I have supported the guild as a matter of conscience since I became a member more than 30 years ago. But something happened. I look at people I love to be characterized as blackmailers and criminals. Yes, real changes are needed in terms of packaging and subsidiary agencies and production companies, but the idea that these people are just greedy and greedy exploiters is lacking in nuance or context, and does not seem to take into account the huge changes in the media landscape and the growing power of the studios and streaming services. By making villains out of our agents, insisting on a tone of indecency, you have alienated essential allies when calmness and patience could have achieved real results.

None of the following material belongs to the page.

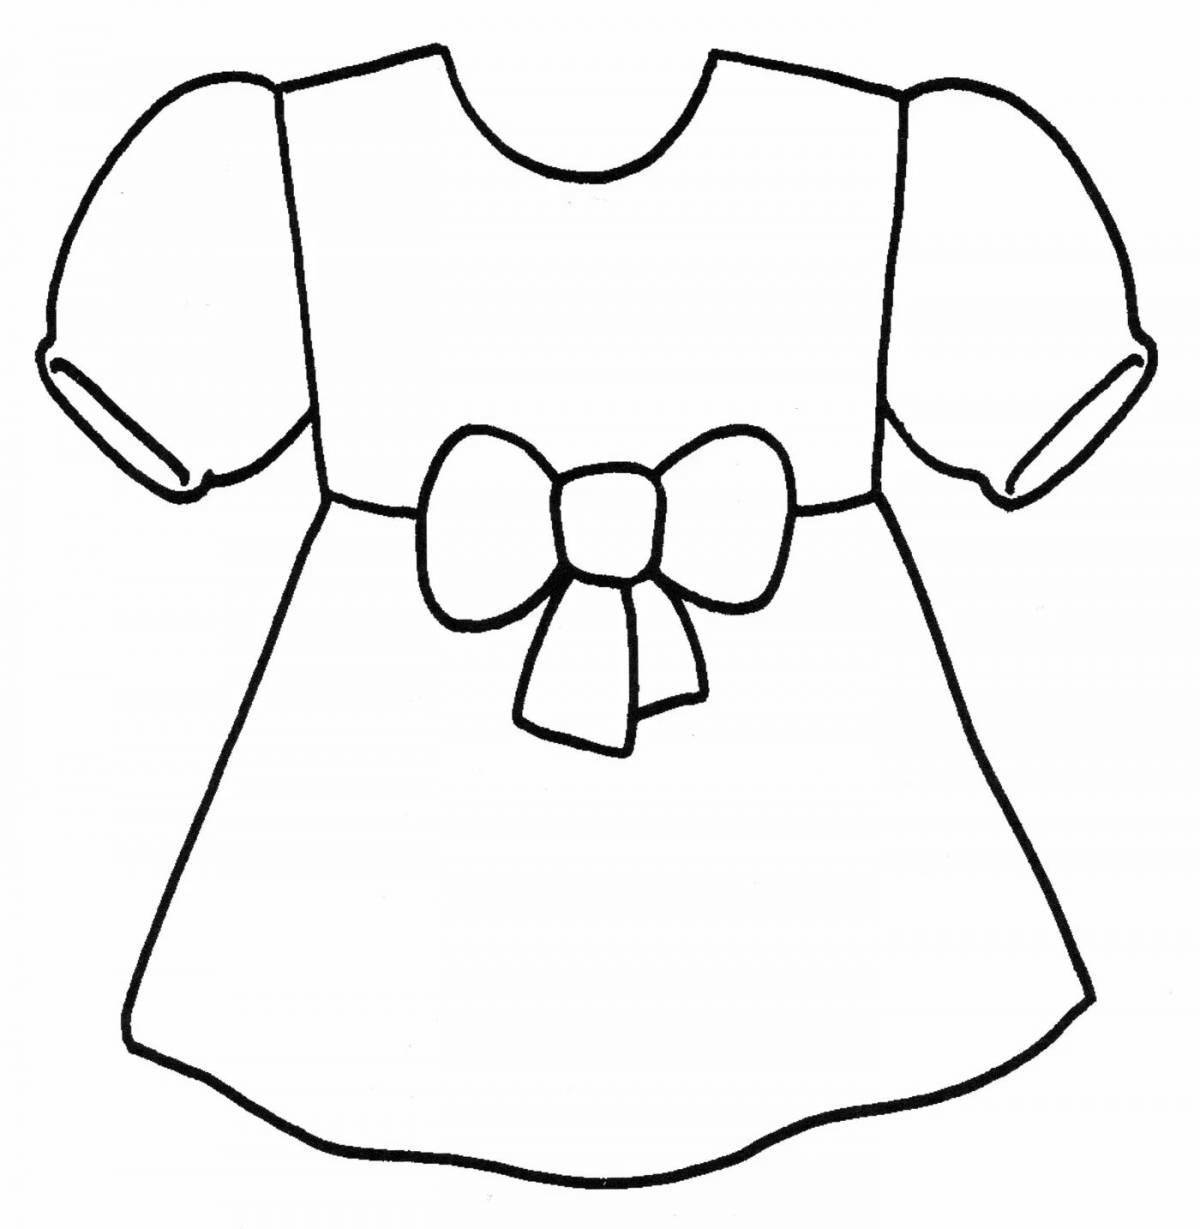 Coloring page funny doll dress for children 4-5 years old

Indeed, the WGA has negotiated its legitimate concerns in a way that is so warlike, so histrionic, and offers so little scale and perspective that you have betrayed the interests of membership in my opinion. You have applied a scorched earth policy that ignores the important, and in my case, life-changing, investments that agents have made in our careers – the endless hours, the conversations, holding hands, and in particular the nurturing and protection of younger, emerging voices.
The leadership went to the war eagerly and with pleasure, and everyone who reads this knows that this is true. There was a lust for blood at work. David Simon was treated like a rock star for rolling out a scenario in which he could cut off bands of agents. The membership had crept. Own that. Writers applauded him and wanted to drop the Evil Big Three. No perspective allowed. The changing dynamics of the entertainment industry had not been taken into account. Our agents are now our enemies.
I believe it is time for a new kind of leadership to take the helm at the WGA. It is time for a mature, measured and considered philosophy, one that is not dependent on the policy of division to which we have already become too accustomed. It's time for adults who don't throw the whole company into chaos and darkness. It is time for leadership to see the enormous changes in the company and recognize that writers are not surrounded by perpetual enemies.
It is time to reject the white-hot anger, the desire to punish, the urge to break down existing structures, simply in the name of & # 39; honesty & # 39 ;. It is time for the WGA to learn that adults come to the table to find solutions, not to find a reason for the fight.
I'm a trade unionist, but I don't turn my back on my loyal friends. I can't be the person you want me to be. I cannot break ties with my agents, because I would renounce people I love, people who helped me create a life in which I go back and forth between two forms I know and love.
The WGA is a precious, vital and proud association. The profits that the writers have made over the years have made it possible to have unparalleled pensions and medical care and to conclude business agreements with the knowledge that the Guild is there to protect and support its members. And even in this struggle the guild has valuable goals – I do not dispute that. But in all decades of fighting studios & networks, in all battles with real opponents, something has been skipped and affected your view and position in this conflict with the ATA.
Let us not be part of the current cruelty and cruelty of the world. The ATA listens – you have them at the table. Find a way forward that does not mean disruption and shattered relationships. Remember that agents are people and have emotions, families, parents and sensitivities, just like us. I have seen too many unintended consequences in history and in life, and I fear that those who are here will have tragic consequences.